Most of the states with higher number of positive cases are predominantly states with high level of population density, such as Selangor, WP Kuala Lumpur and Johor. This finding corroborates the result of similar studies in Algeria, India, Nigeria and United States, which suggesting that the spread of COVID-19 increases in accordance with higher level of population density (Amoo et al., 2020; Babbitt et al., 2020; Bhadra et al., 2020; Kadi & Khelfaoui, 2020; Rocklöv & Sjödin, 2020; Sy et al., 2020; Yaakub et al., 2020). Peculiarly, Sabah, being the initial epicentre of the current third wave of the pandemic, also has high number of cases, despite having low level of population density. However, majority of the Sabahans reside along the coastline of Sabah instead of the interior mountainous part, and primarily concentrated over three major cities, namely Kota Kinabalu, Sandakan and Tawau (Pedersen et al., 2011). As such, these cities have far bigger and higher population density compared to other towns in Sabah, and thus, majority of the COVID-19 cases in Sabah were unsurprisingly from these three cities (Sabah State Government, 2021).

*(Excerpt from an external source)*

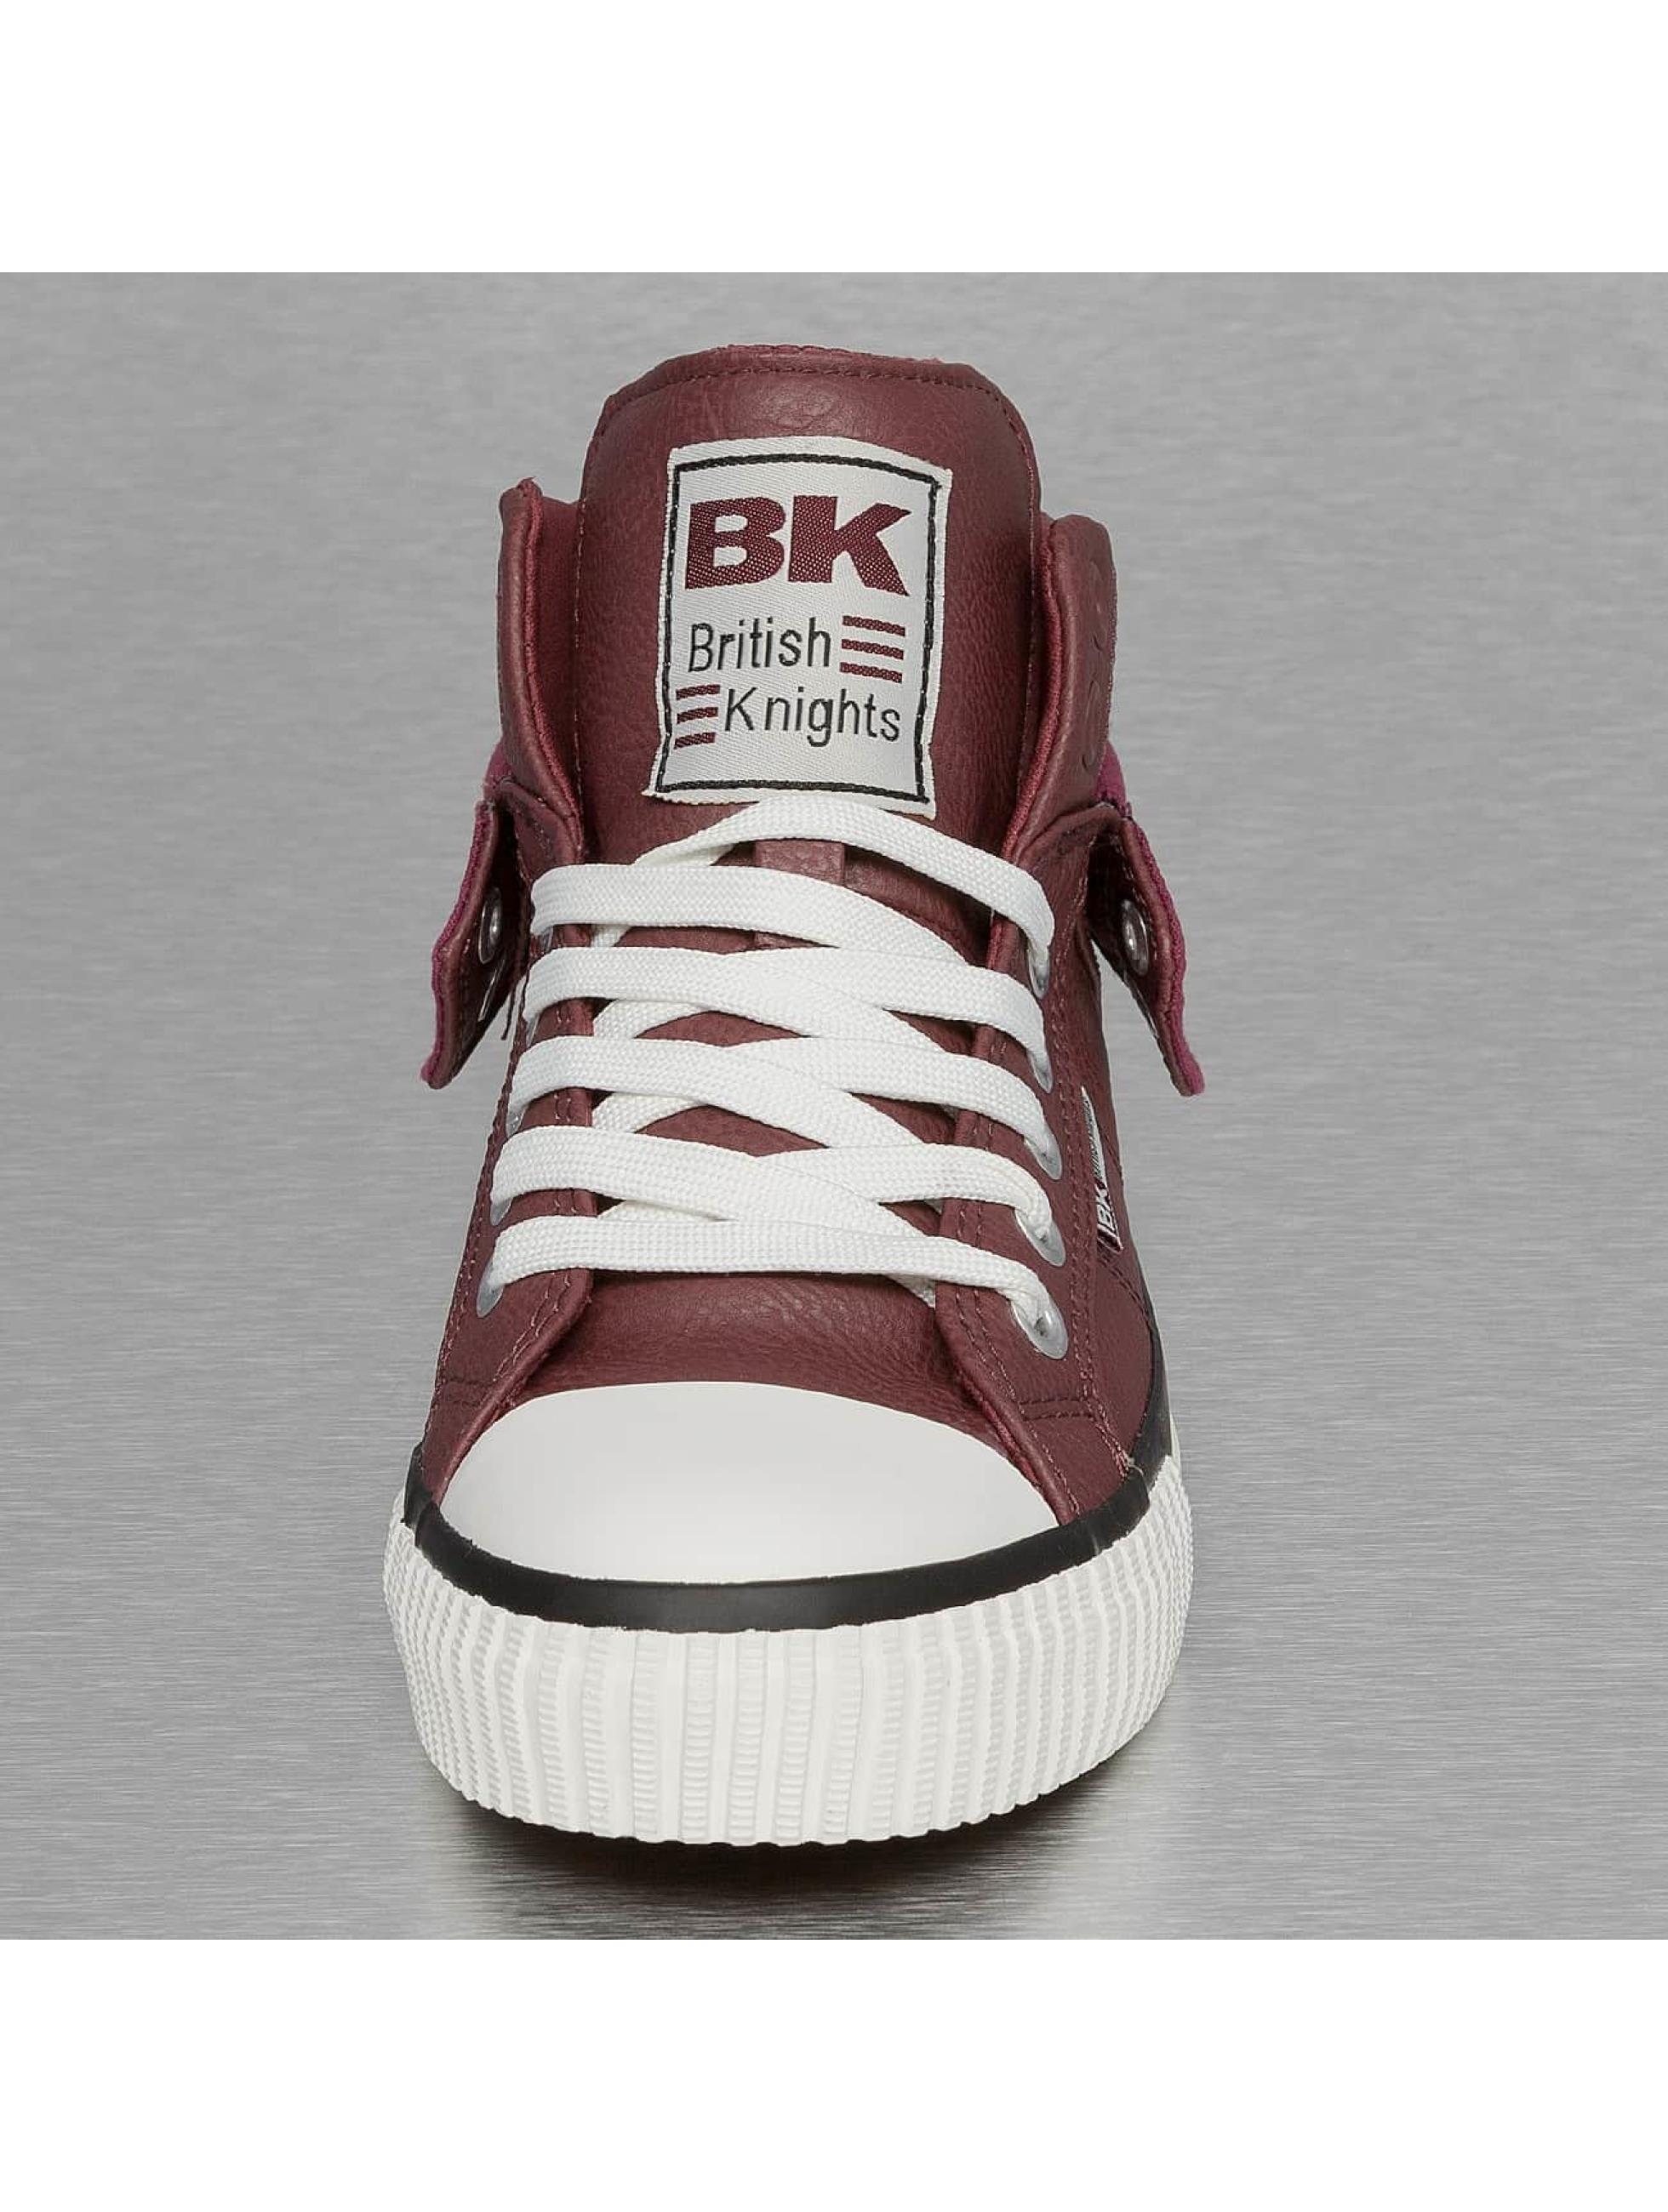 British Knights Sneakers Roco PU czerwony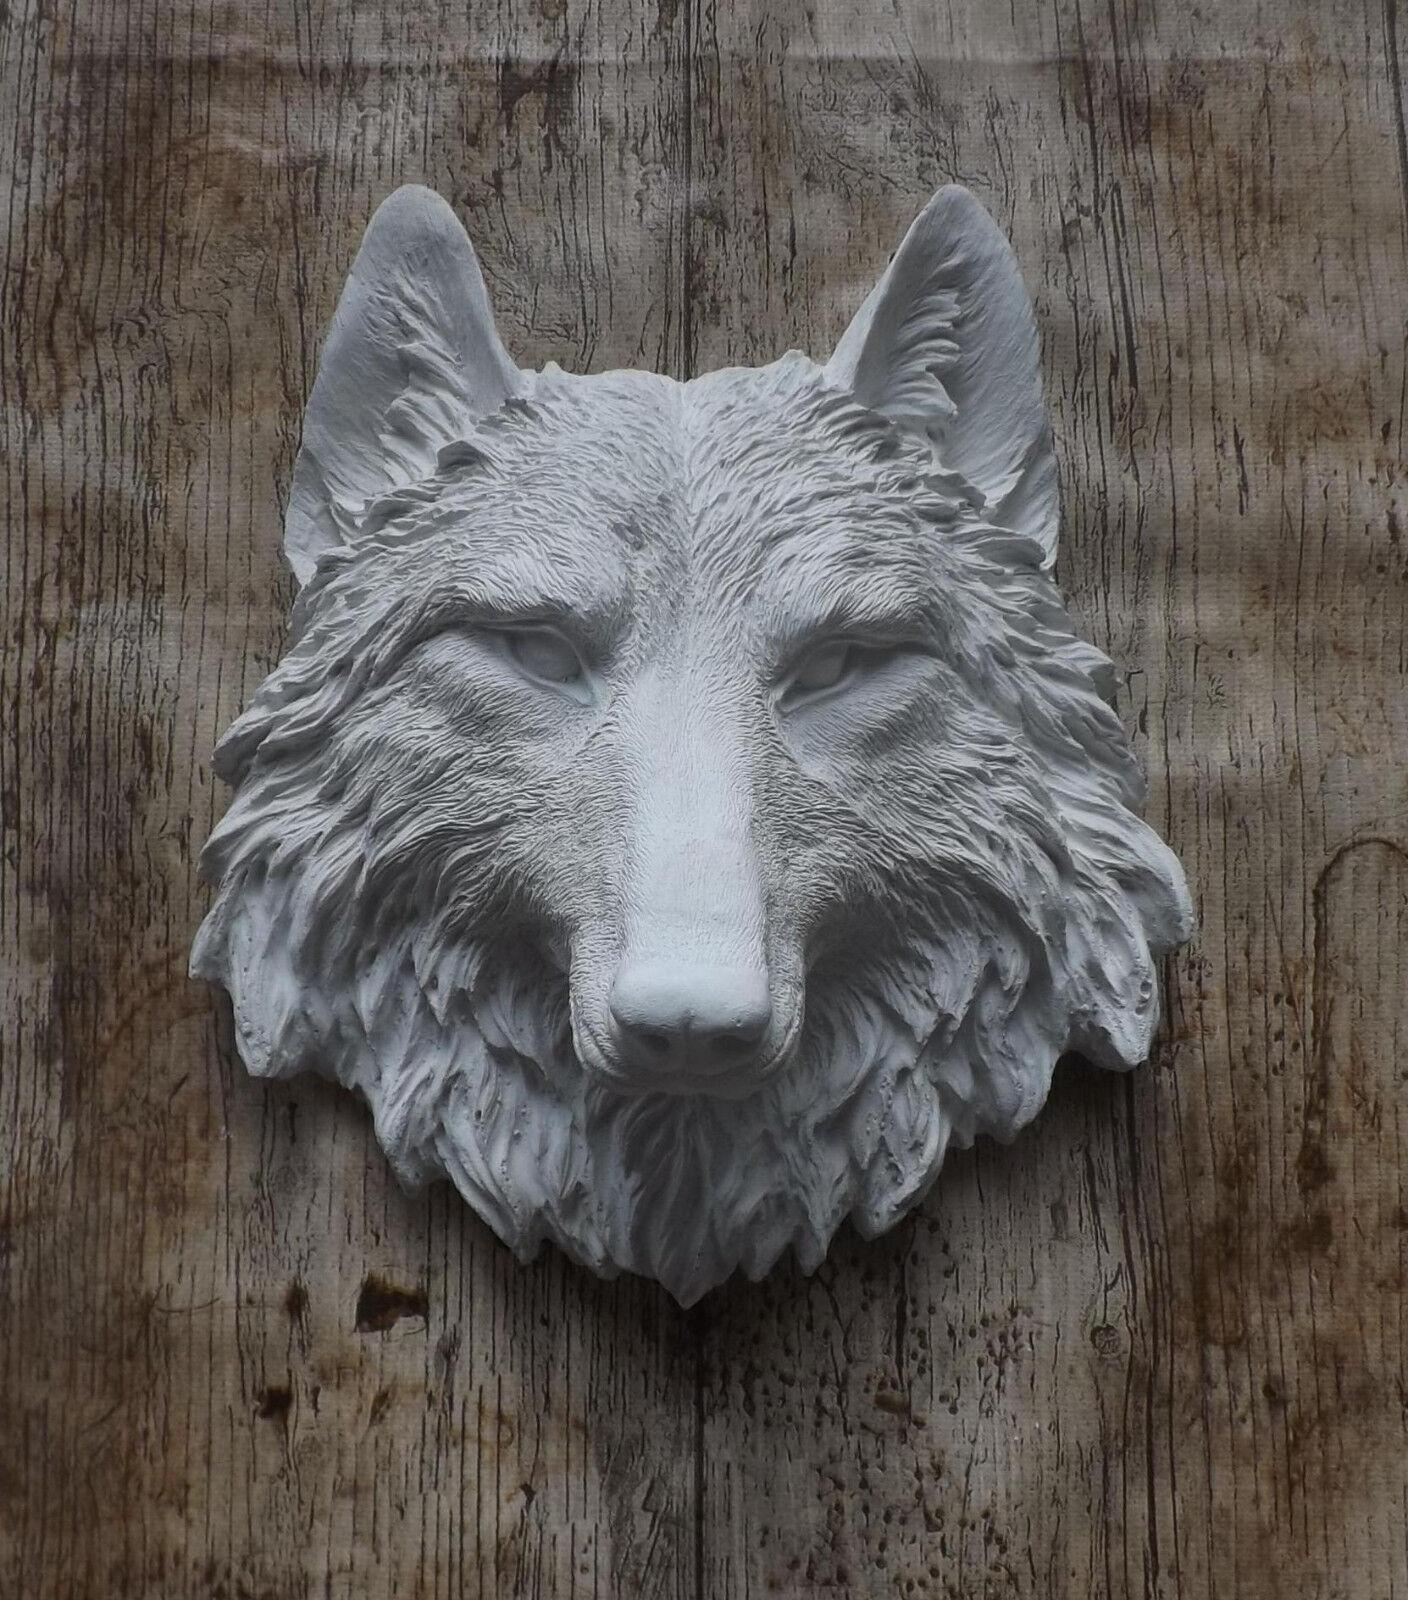 GF01 Wolf Steinfigur Gartenfiguren Relief Wolfskopf Gartendeko Wandrelief

Therefore, the GLM has been key in generating short-term and long-term forecasts of the trajectory of the pandemic in various states in Malaysia with differing epidemiological risks that cover a variety of COVID-19 incidence rates. The model highlights that stricter movement control orders, such as the one that was implemented in Sabah at the early stage of the pandemic, is more effective in quickly curbing growth factors, and bringing the cases to a natural plateau earlier in the life cycle of Covid-19 transmissibility (Aziz et al., 2020; Ganasegeran et al., 2020; Tang, 2020). At the same time, there have been multiple adaptation of health care systems to the current pandemic, which require time to implement and roll out, and the strict control measures implemented in Sabah, and adoption of low-risk quarantine centers, has allowed significant slack to be cut on tertiary hospitals so that they can rightfully focus on unwell Covid-19 patients. The model also demonstrates that if MCOs are relaxed overly prematurely, what happens is that reproductive numbers and growth factors can climb prematurely (Ferguson et al., 2020; Gupta et al., 2021; Leung & Wu, 2020).

Conclusion

In conclusion, it is critical that we continue using GLM to provide governments and policymakers with accurate and helpful forecasts on magnitude of epidemic and peak time. This can assist in making long-term strategic decisions regarding procurement of Personal Protective Equipment, reagents for Covid-19 testing, and relevant medical equipment in the near and medium future, and also help governments and health ministry's plan for opening of more lower-risk facilities and decanting of non-ill patients from district hospitals where indicated in order to accommodate projected surges in admissions.

Declaration of competing interest

The authors declare that they have no known competing financial interests or personal relationships that could have appeared to influence the work reported in this paper.